One of the key features of zarrio is support for parallel writing of large datasets:

```python
# Step 1: Create template archive with intelligent chunking
converter = ZarrConverter(
    chunking={"time": 100, "lat": 50, "lon": 100},
    access_pattern="temporal"  # Optimize for time series analysis
)
converter.create_template(
    template_dataset=template_dataset,
    output_path="large_archive.zarr",
    global_start="2020-01-01",
    global_end="2023-12-31",
    compute=False,  # Metadata only, no data computation
    intelligent_chunking=True,  # Enable intelligent chunking based on full archive dimensions
    access_pattern="temporal"   # Optimize for time series analysis
)

# Step 2: Write regions in parallel processes
# Process 1: converter.write_region("file1.nc", "large_archive.zarr")
# Process 2: converter.write_region("file2.nc", "large_archive.zarr")
# Process 3: converter.write_region("file3.nc", "large_archive.zarr")
```

This approach is ideal for converting large numbers of NetCDF files to a single Zarr archive in parallel.

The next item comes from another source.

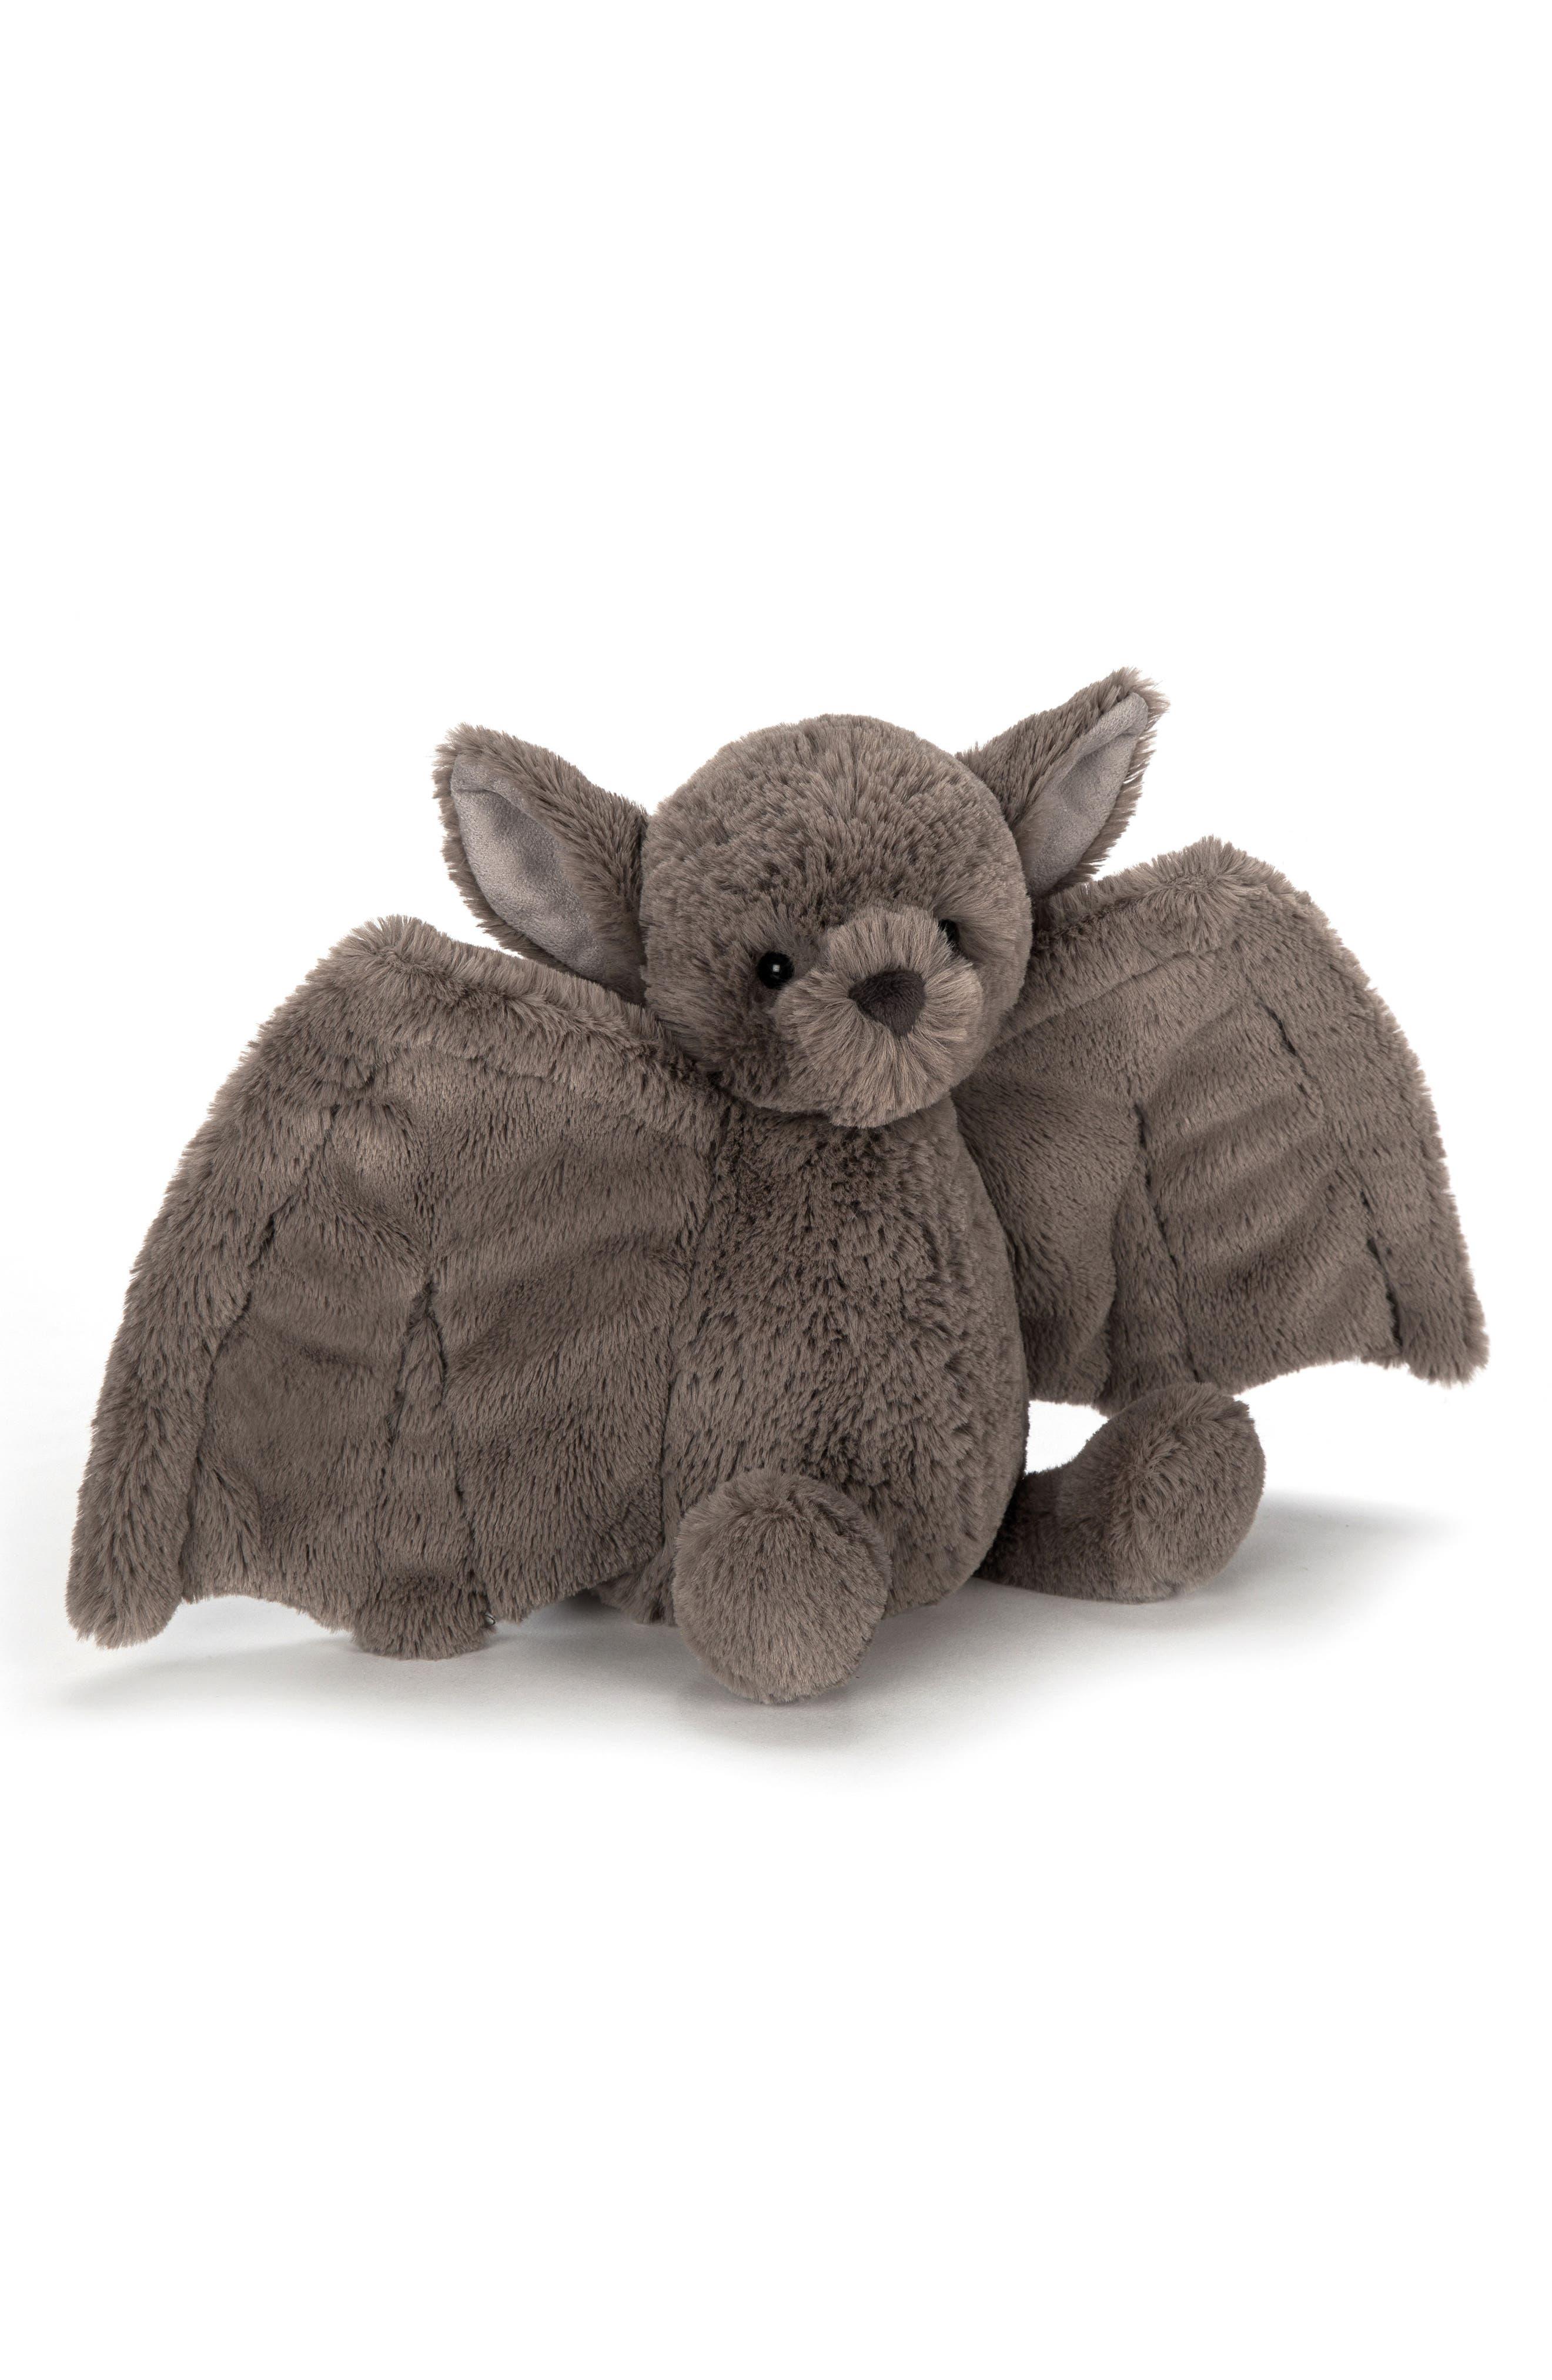 Jellycat Medium Bashful Bat Stuffed Animal

The intelligent chunking feature ensures optimal chunking based on the full archive dimensions rather than just the template dataset.

## Configuration

You can also use configuration files (YAML or JSON):

```yaml
# config.yaml
chunking:
  time: 100
  lat: 50
  lon: 100
compression: "blosc:zstd:3"
packing:
  enabled: true
  bits: 16
  manual_ranges:
    temperature:
      min: -50
      max: 50
  auto_buffer_factor: 0.05
variables:
  - temperature
  - pressure
drop_variables:
  - unused_var
```

Then use it with the CLI:

```bash
zarrio convert input.nc output.zarr --config config.yaml
```

## Development

### Installation

```bash
git clone https://github.com/oceanum/zarrio.git
cd zarrio
pip install -e .
```

### Running Tests

```bash
pip install -e ".[dev]"
pytest
```

### Code Quality

```bash
# Format code
black .

# Check code style
flake8

# Type checking
mypy zarrio
```

## License

MIT License

## Contributing

Contributions are welcome! Please feel free to submit a Pull Request.